3D computer graphics software platform

Adobe Atmosphere was a software platform for interacting with 3D computer graphics. 3D models created with the commercial program could be explored socially using a browser plugin available free of charge. Atmosphere was originally developed by Attitude Software as 3D Anarchy and was later bought by Adobe Systems. The product spent the majority of its lifetime in beta testing. Adobe released the last version of Atmosphere, version 1.0 build 216, in February 2004, then discontinued the software in December that year.

==Features==

In Adobe's Atmosphere Museum of Art, each gallery was connected via a system of colorful "portals."

Atmosphere focused on explorable "worlds" (later officially called "environments"), which were linked together by "portals", analogous to the World Wide Web's hyperlinks. These portals were represented as spinning squares of red, green, and blue that revolved around each other and floated above the ground. Portals were indicative of the Atmosphere team's desire to mirror the functionality of Web pages. Although the world itself was described in the .aer (or .atmo) file, images and sounds were kept separately, usually in the GIF, WAV or MP3 format. Objects in worlds were scriptable using a specialized dialect of JavaScript, allowing a more immersive environment, and worlds could be generated dynamically using PHP. Using JavaScript, a world author could link an object to a Web page, so that a user could, for example, launch a Web page by clicking on a billboard advertisement (Ctrl+Shift+Click in earlier versions). By version 1.0, Atmosphere also boasted support for using Macromedia Flash animations and Windows Media Video as textures.

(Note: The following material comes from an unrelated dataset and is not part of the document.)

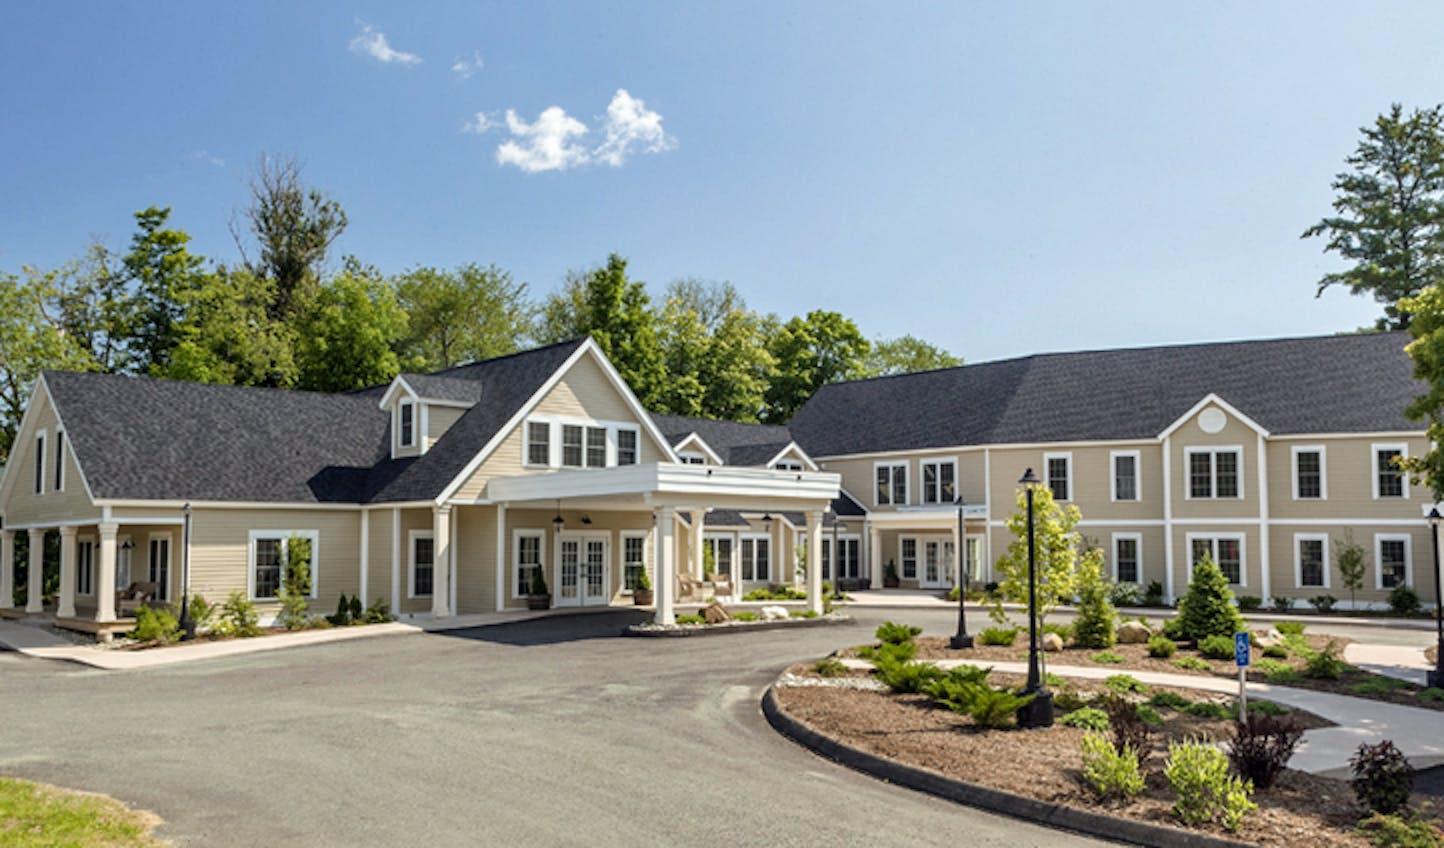 Vermont Hotels, USA

Atmosphere-based worlds consisted mainly of parametric primitives, such as floors, walls, and cones. These primitives could be painted a solid color, given an image-based texture, or made "subtractive". Invisible, "subtractive" primitives could be used to cut "holes" in other primitives, to build more complex shapes. Many worlds also contained animated polygon meshes made possible by Atmosphere's implementation as a subcomponent of Viewpoint Corporation's Viewpoint Media Player. However, Viewpoint stopped supporting the Atmosphere subcomponent some time before Atmosphere was discontinued.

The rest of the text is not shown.